# In Ear Monitor---help



## bukkakeONyoMAMA (Dec 7, 2011)

sry i just posted this in the recording section so this would be the right section..... Ive been having a major hearing problem lately and maybe u guys could help. So i get On stage for a show, get about 3-4 songs in and all of a sudden, everything sounds a half step or so higher in pitch to me. I look at my tuner, but im in tune. Sometimes it sounds like my guitar, other times the bass or vocals. First time it happened was a few months ago and i thought i was crazy. But i looked it up online and it happens to alot of musicians. Theres something going on where if my ears are subjected to too much noise, esp cymbals, snare hits, that my pitch detection gets all screwy. Not a gradual screwy, but its either perfectly fine or completely messed up. Its really bad when i cant even play along with my band and am double guessing every fret i hit bc it sounds a note or two higher than what it really is......SOOOOOOO basically i need to use earplugs to block all the drums and even gtr from my triple rectifier before my ear takes a dump on stage and im useless up there. Im looking for an in ear monitor that blocks out most outside noise, but that i can mix my gtr output into so i can hear myself. I dont need to hear vocals or bass in the mix, as long as i hear the basic drums behind me im good as long as i can hear myself. Any help as to what im looking for? I am basically a newb when it comes to in ear monitors. Ive looked online, but get nowhere. I just want something that Takes my signal from my amp or pedal board and puts it in my ear and where i can control the mix.
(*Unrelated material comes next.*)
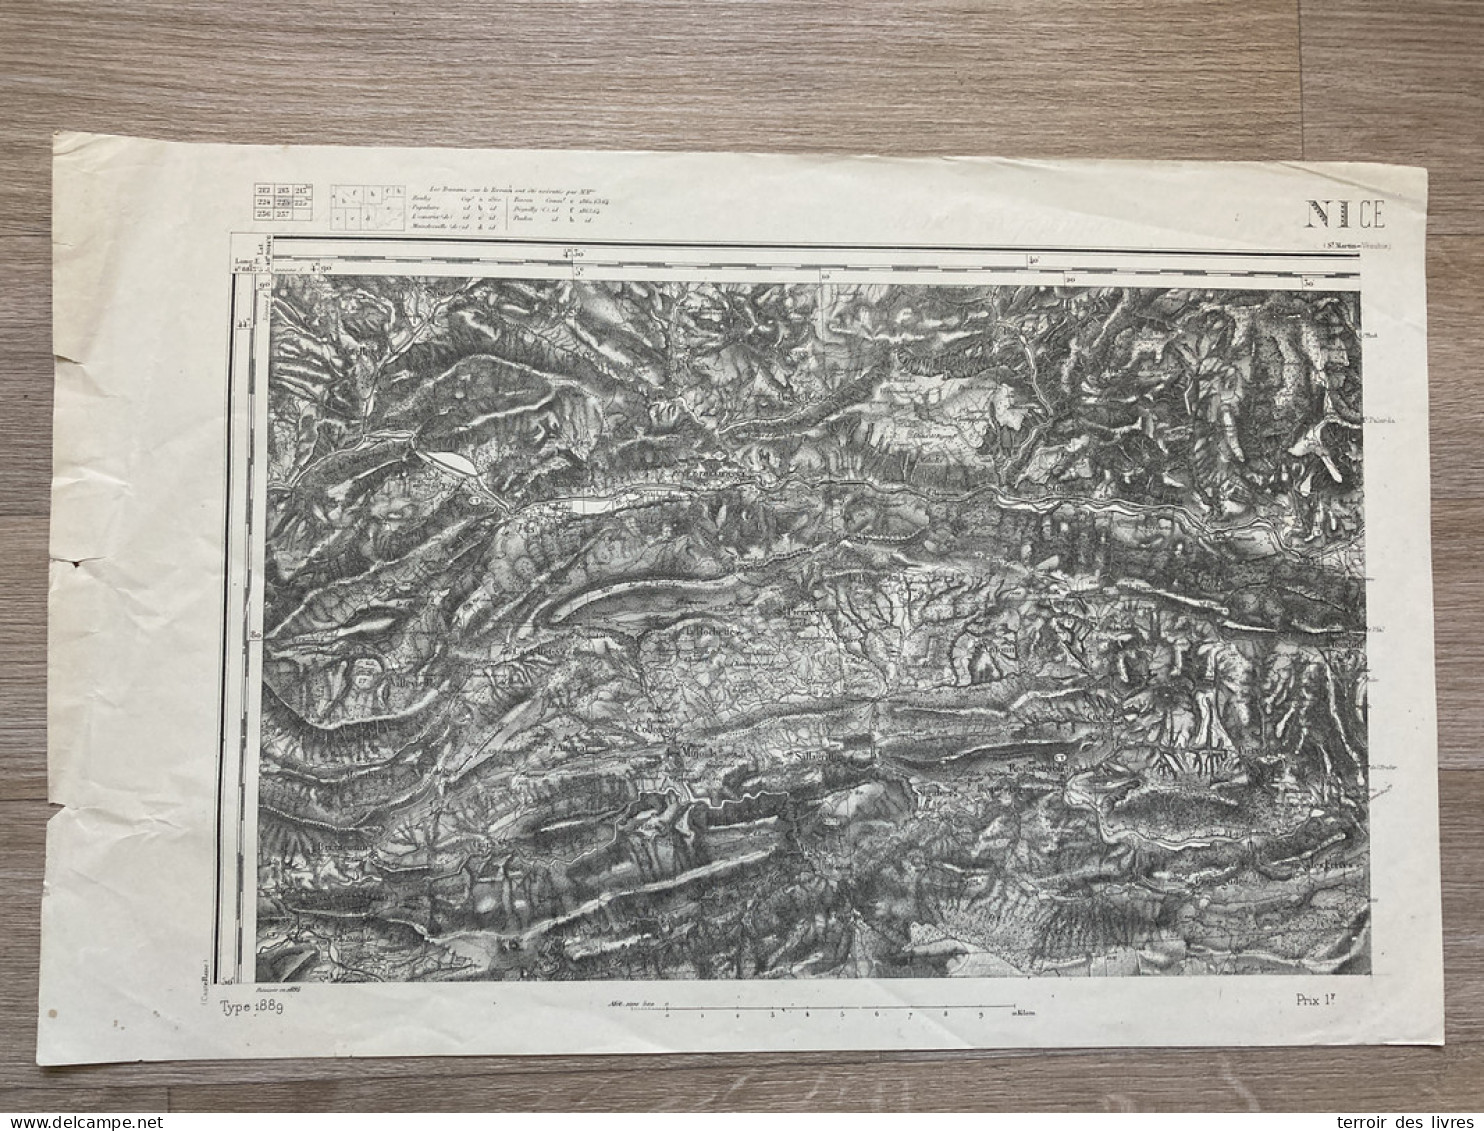 Carte état Major NICE 1895 33x50cm LA PENNE ST-PIERRE ST-ANTONIN LA-ROCHETTE TOUET-SUR-VAR PUGET-THENIERS ASCROS PUGET-R - Cartes Géographiques

Im not looking to plug into the house pa or anything.


----------



## MTech (Dec 7, 2011)

Ultimate Ears Custom In-Ear Monitors

You can pick if you want it to block out outside noise/how much.


----------



## bukkakeONyoMAMA (Dec 7, 2011)

heres the thing..i dont know how i would hook it up.....im not trying to spend a fortune....i dont need a wireless, but i have no idea where it would go....i play a triple rectifier so theres no headphone output ..would i put it thru the fx loop in the rear of the head.....i have a pedalboard with a bunch of pedals that i run straight in to the front of the head....i currently dont use the fx loop at all.....this is where im confused... is there a system that takes my gtr signal somehow and puts into the ear monitors without having to go to the house PA..?


----------



## KingAenarion (Dec 8, 2011)

I responded to the thread in the recording Studio


----------